Now let's look at the story of Joseph and his brothers. The purpose of the exercise, most everyone agrees, was to move Jacob and the seventy members of his household from Hebron, Canaan to the land of Egypt (about 200 miles as the crow flies across the Sinai Peninsula). There, in Egypt, the first family of Jews would experience the state of galut (exile, displacement, submission to alien rule) foretold to their grandfather Abraham at the "Covenant Between the Pieces." The experience would prepare them for the next few thousand years of Jewish history, most of which would similarly transpire amidst the unique challenges and opportunities of galut.

And this is how G‑d (who certainly has the direct route option available to Him) made it happen:

He made Jacob fall in love with Rachel. He then arranged it that Jacob be tricked into marrying Leah instead (in the end, Jacob gets to marry Rachel too). An abiding jealousy lingers between Joseph (Rachel's son and his father's most beloved) and the sons of Leah (older, numerous, and quite upset about the situation). Joseph is sold into slavery by his brothers and languishes in a dungeon for a dozen years, before becoming viceroy of Egypt — the effective ruler of the most powerful nation on earth. A hunger in the Land of Canaan compels the brothers to seek food in Egypt and be subjected to the cruel machinations of the Egyptian ruler. Only it's not really an Egyptian (it's Joseph) and he's not really being cruel (he's teaching them a lesson in brotherly love). Joseph pushes them to the limit, to the point when they must choose between giving up Benjamin (Rachel's other son) and standing up to the man who has the entire might of Egypt behind him. The brothers, led by Judah, refuse to be intimidated and confront the "Egyptian." At this point, Joseph reveals his identity and invites them all to settle in Egypt.

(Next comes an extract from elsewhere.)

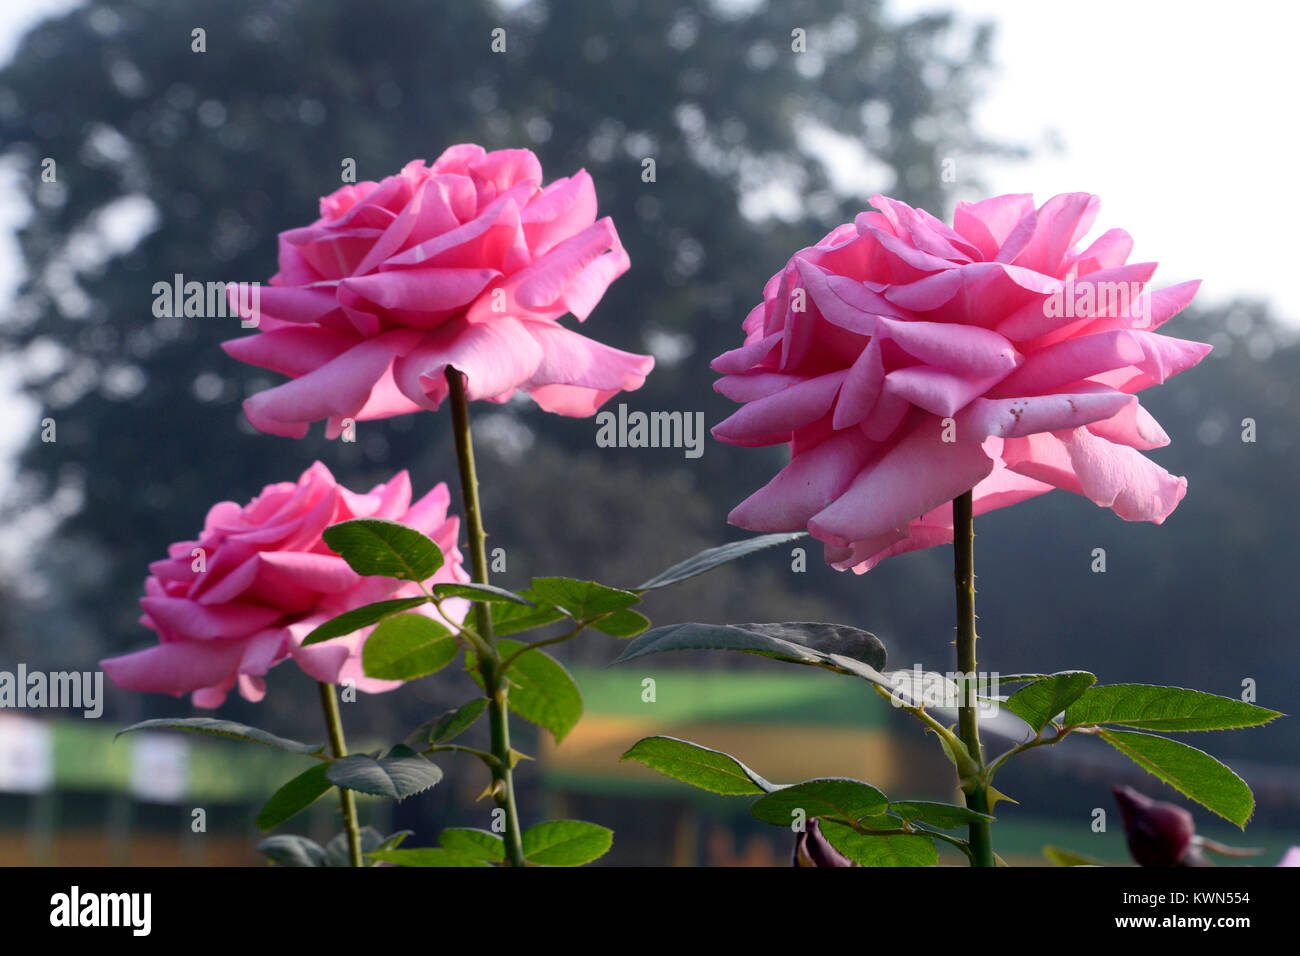 Kolkata, India. 04th Jan, 2018. Rose displayed at Winter Flower Show 2018  in Agri-Horticulture Society of India, Kolkata. Agri-Horticulture Society  of India (AHSI) organized Winter Flower Show 2018 at their garden on

Of course, your e-mail got to you colleague's desk at the end. To some, that would be the only thing that matters. But the more inquisitive among us will ask: why did it have to travel via Tallahassee, Bangkok, Kiev and Pretoria to get there?

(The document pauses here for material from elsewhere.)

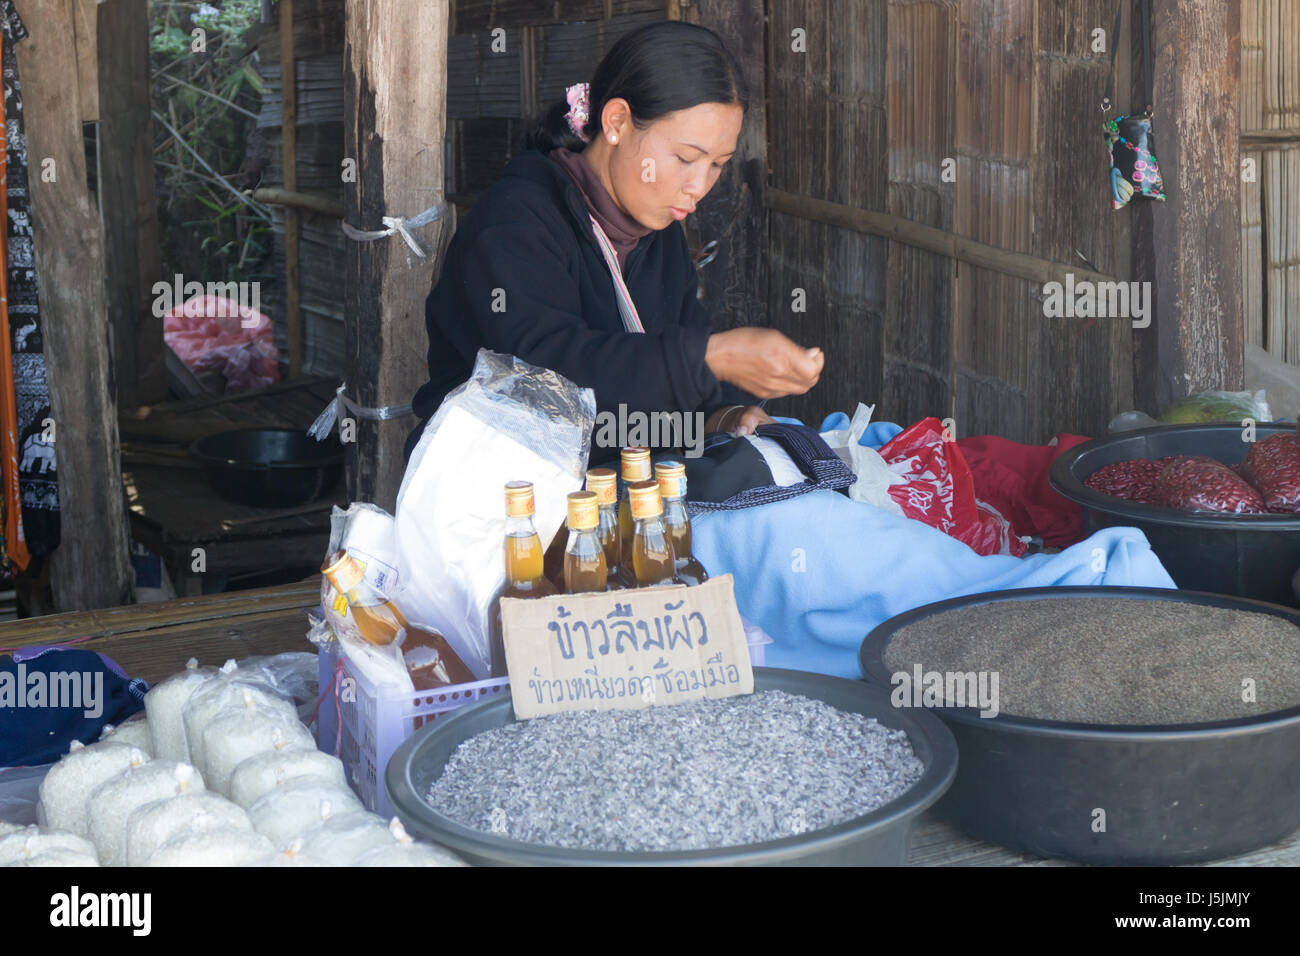 Hill tribe goods and produce for sale in Chiang Mai province, Thailand Stock Photo

But first we should ask: What is galut? If we understood what galut is, perhaps we'll also understand why we got there the way that we did.

True achievement is possible only under conditions of absolute freedom. A person must be in full control of his or her life, free of any and all constraints and hindrances. But being "in control" breeds complacency and spiritual laziness; only when challenged and oppressed, only when compelled to resist and battle "overpowering" circumstances, does the human being rise to and actualize his or her true potential.

This is the paradox of galut. For galut to work it must be real — we must experience external forces, alien to our nature and mission in life, constricting us, challenging us, forcing us to draw on our deepest reserves of fortitude and commitment. But for galut to work it must be fake. We must be free in essence, however enslaving the "experience" of galut may be.

And so it was when galut began, with the "oppression" of Israel's children by Egypt's ruler. As the brothers stood before Joseph, they experienced the walls of Egyptian power closing in on them, depriving them of their freedom, making them dependent upon it for their very sustenance, challenging their most basic loyalties to each other. At the same time, a truth hovered just beyond the surface reality — the truth that it's all a sham, a sham of their own making, in which at any moment the mask will fall and the "ruler of Egypt" be revealed as their own flesh and blood.

And so it is with the daily challenges we face as a people and as individuals. These are very real — real in that they exact from us the very best that's in us. At the same time they are utterly fake — contrivances of our own making, projections of our own illusions, shadows of our own light. We need only stand up to them with the confidence of our inherent power and freedom, and the mask will invariably fall away.